Show me some (spider) horn...The only NW species with a carapacic protusion, am I correct? 
T
( I made that one up btw)


----------



## GoTerps (Mar 21, 2005)

haha... have patience with the "carapacic protrusion" lol.  Sounds like something that belongs in The Pit!


----------



## Sheri (Mar 21, 2005)

monantony said:
			
		

> T
> ( I made that one up btw)



I had *NO* idea.


----------



## Tony (Mar 21, 2005)

Sheri said:
			
		

> I had *NO* idea.


Had I not said that, it could very well have made it into some peoples vocabulary...
T   ;P


----------



## Sheri (Mar 21, 2005)

monantony said:
			
		

> Had I not said that, it could very well have made it into some peoples vocabulary...
> T   ;P



Oh, I am for sure. 

Added it is.


----------



## pelo (Mar 21, 2005)

monantony said:
			
		

> Show me some (spider) horn...The only NW species with a carapacic protusion, am I correct?
> T
> ( I made that one up btw)


>>I have a few of them (6).One is quite large now..approaching 2" and the "carapacic protrusion" (lol..I like that term..) is quite evident.I'll see if can snap a pic and post it.It was actually visible at a smaller size under magnifying glass, but can easily be seen by the naked eye now.


----------



## GoTerps (Mar 21, 2005)

> I'll see if can snap a pic and post it.


Yeah definetly do man!!!

On my largest specimen (I have 3) you can definetly see the beginnings of a "plug" there.


----------



## brgn (Mar 21, 2005)

monantony said:
			
		

> Show me some (spider) horn...The only NW species with a carapacic protusion, am I correct?
> T
> ( I made that one up btw)


Also some Cyrtopholis spp. have the "carapacic protusion". http://www.timart.be/Npaginas/pictures/cyrtopholisbryantae.html

Robert


----------



## Tony (Mar 21, 2005)

pelo said:
			
		

> >>I have a few of them (6).One is quite large now..approaching 2" and the "carapacic protrusion" (lol..I like that term..) is quite evident.I'll see if can snap a pic and post it.It was actually visible at a smaller size under magnifying glass, but can easily be seen by the naked eye now.

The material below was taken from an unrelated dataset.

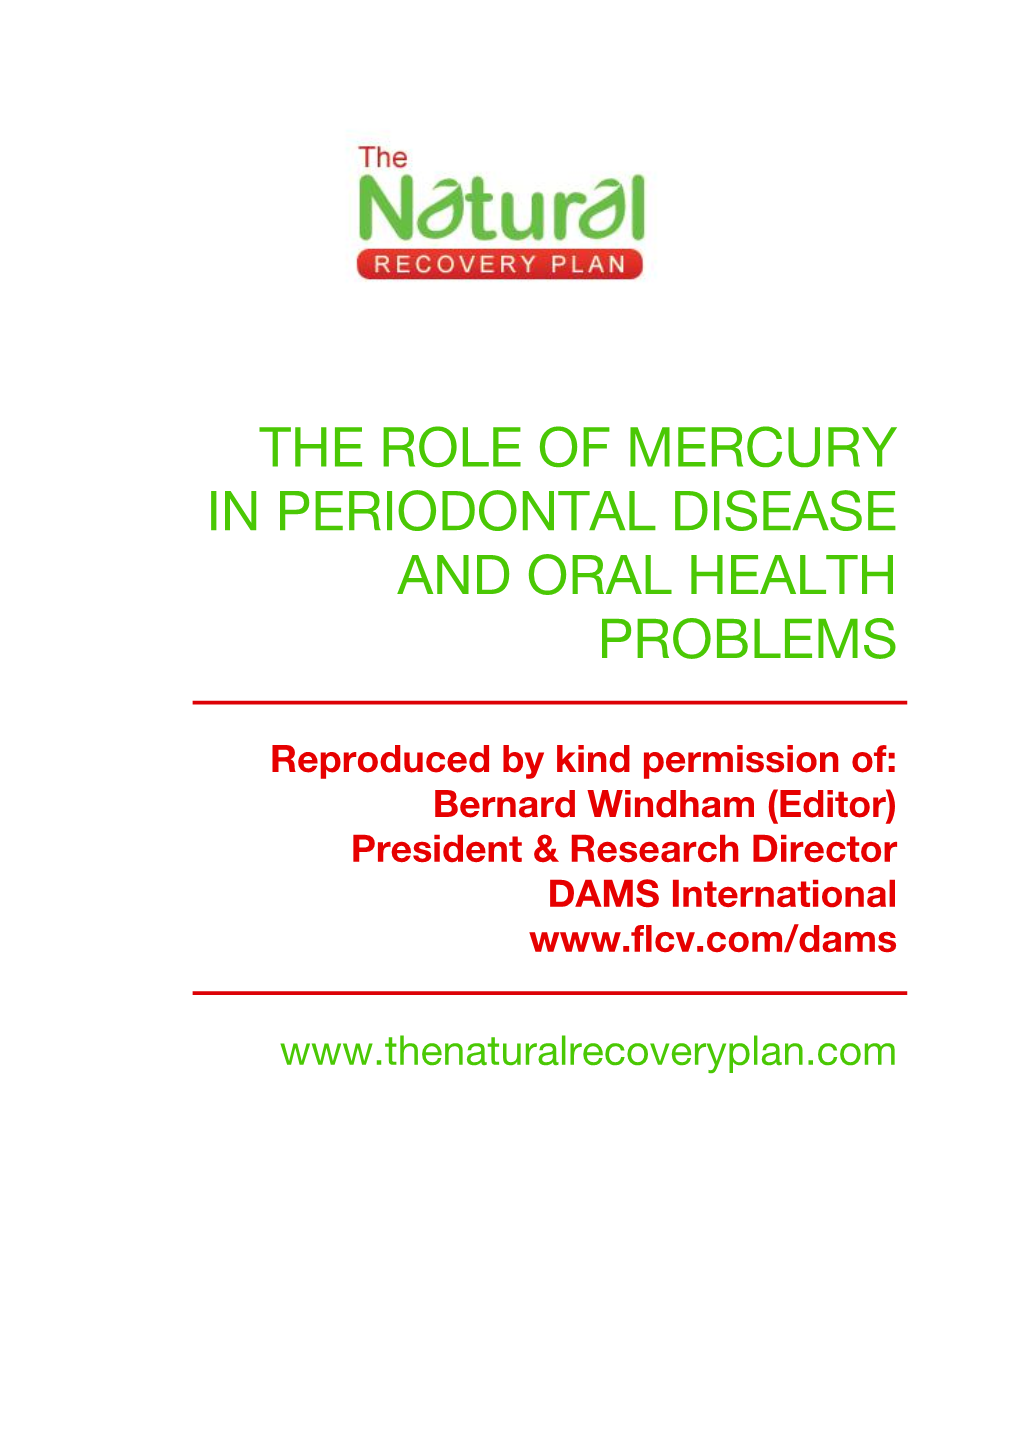 The Role of Mercury in Periodontal Disease and Oral Health Problems

Great, the term seems to be sticking 

Cool spider nonetheless. Hey Eric, how're your 'two-patchers' doing ?
 ;P 
T


----------



## GoTerps (May 17, 2005)

These little guys are coming along nicely.

~1.75" _Sphaerobothria hoffmanni_.

Reactions: Dislike 1


----------



## bagheera (May 17, 2005)

How cute! Is that a power button?  lol


----------



## GoTerps (Jul 8, 2005)

*S. hoffmanni*

Freshly molted sub-adult male _Sphaerobothria hoffmanni_.
He's only slightly over 2" at this point.

I have a female in premolt, which will be at the same instar as this fella.  I need to slow him down at this point.


----------



## GoTerps (Dec 18, 2005)

3" subadult male _Sphaerobothria hoffmanni_

Reactions: Like 1


----------



## Tony (Dec 18, 2005)

Hmm I  need to form an 'I hate......'  - Better still  'I resent GoTerps' club
;P 

nice
T


----------



## Philth (Dec 18, 2005)

*S. hoffmanni*

...in the wild.  Nice pics Eric,   I'm hoping to get my hands on some of these soon.


----------



## SergioCR (Dec 20, 2005)

I like the dark black color! mine looks just like dark brown... do they change colors to dark when adult or something? the 4.5" female i have looks dark brown to me... 



			
				GoTerps said:
			
		

> 3" subadult male _Sphaerobothria hoffmanni_


----------



## GoTerps (Dec 21, 2005)

> I like the dark black color! mine looks just like dark brown... do they change colors to dark when adult or something? the 4.5" female i have looks dark brown to me...


The only thing black on this specimen is the abdomen.

Also, it's freshly molted.  Color will fad over time.... mainly different shades of brown.


----------



## GoTerps (Feb 17, 2006)

*Female S. hoffmanni*

Freshly molted ~3" female _S. hoffmanni_.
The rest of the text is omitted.